The ``Cayley-Dickson process,'' starting from the real numbers, successively yields the complex numbers (dimension 2), quaternions (4), and octonions (8). Each contains all the previous ones as subalgebras. Famous Theorems, previously thought to close the book, state that these are the full set of division (or normed) algebras with $1$ over the real numbers. Their properties keep degrading: the reals are ordered and self-conjugate, but the complex numbers lose these properties; at the quaternions we lose commutativity; and at the octonions we lose associativity. If one keeps Cayley-Dickson doubling to get the 16D ``sedenions,'' zero-divisors appear.

We introduce a different doubling process which also produces the complexes, quaternions, and octonions, but keeps going to yield $2^n$-dimensional normed algebraic structures, with division, for every $n > 0$. Each contains all the previous ones as subalgebras. We'll see how these evade the Famous Impossibility Theorems.

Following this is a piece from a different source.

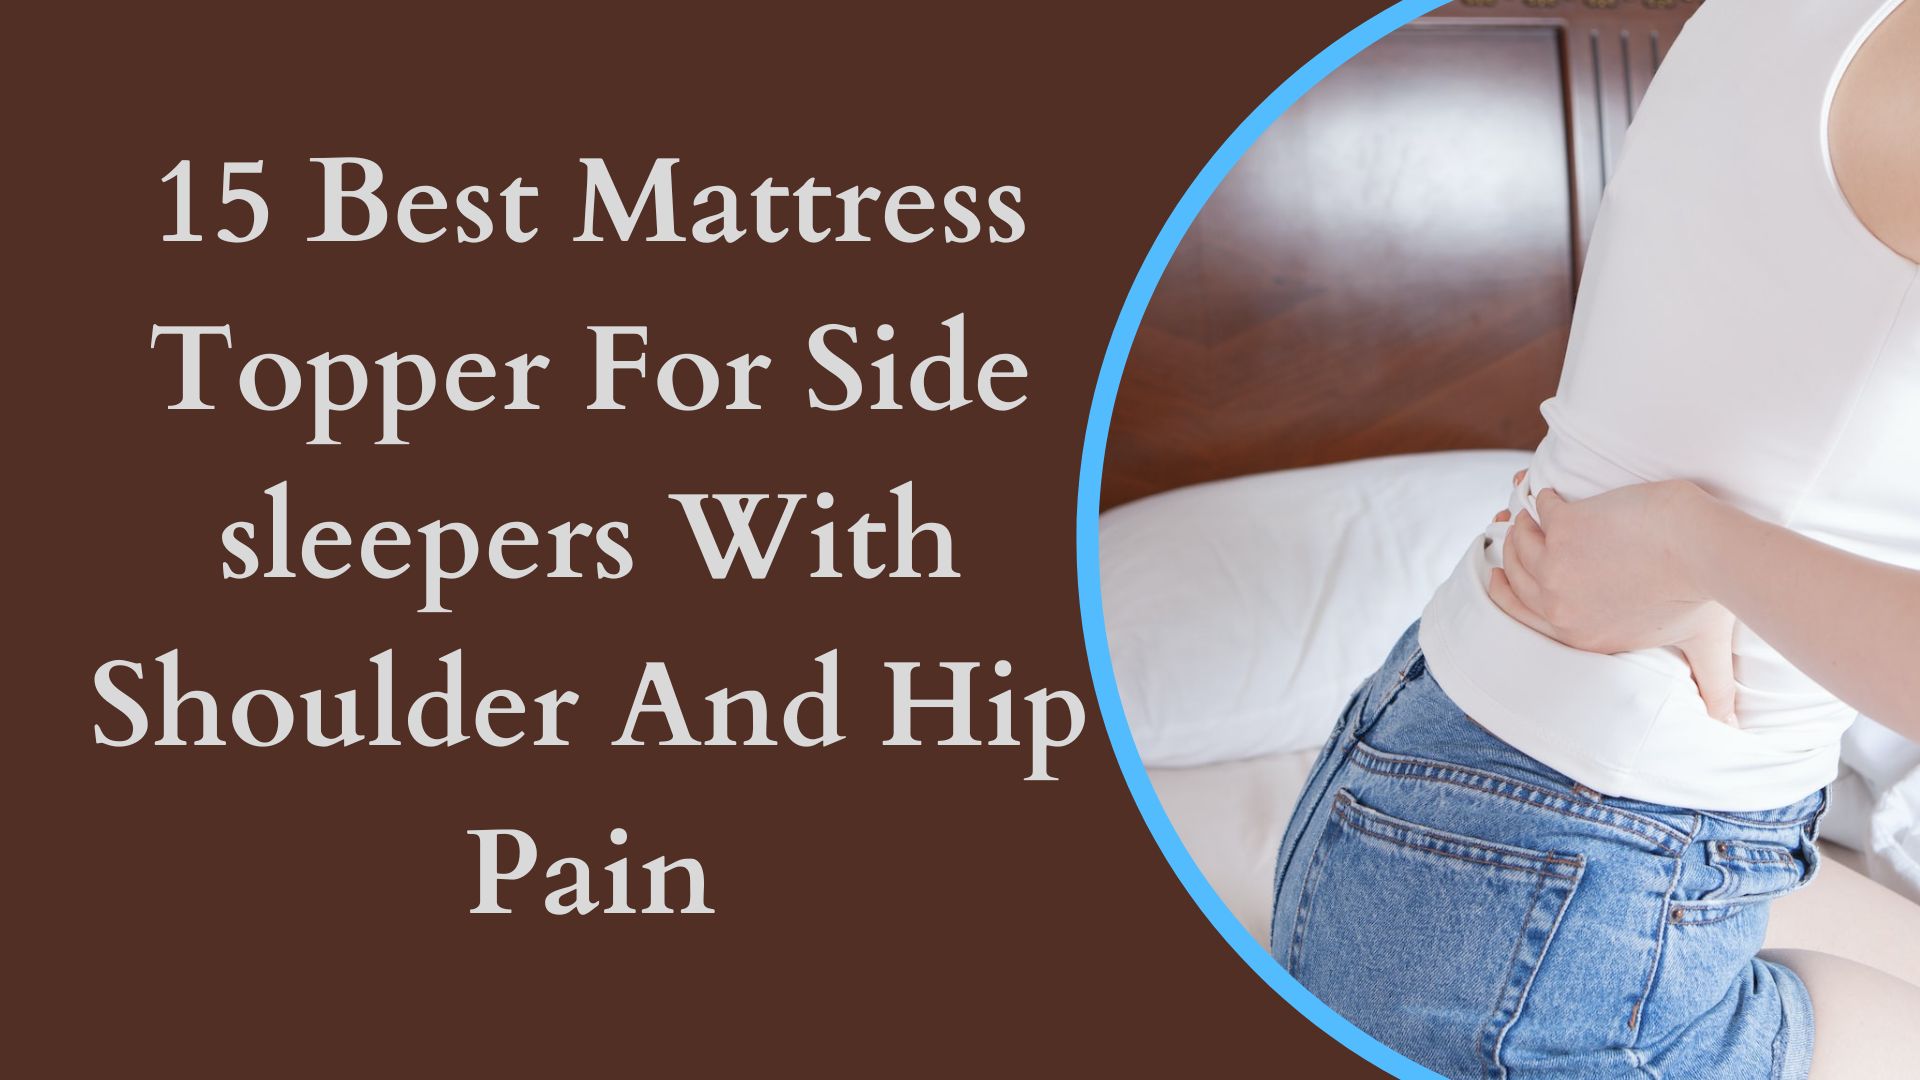 10 Best Mattress Topper For side sleepers with shoulder and hip pain

But properties continue to degrade. The 16-ons lose distributivity. The 32-ons lose the property that the solutions of generic division problems are unique.

All the $2^n$-ons have $1$ and obey numerous identities including weakened distributive and associative laws. In the case of 16-ons these weakened distributivity laws characterize them, i.e. our 16-ons are, in a sense, unique and best-possible. Our $2^n$-ons are also unique, albeit in a much weaker sense. All the $2^n$-ons support a version of the fundamental theorem of algebra. Normed algebras (rational but not nec. distributive) over the reals and complex numbers are impossible in dimensions other than powers of 2.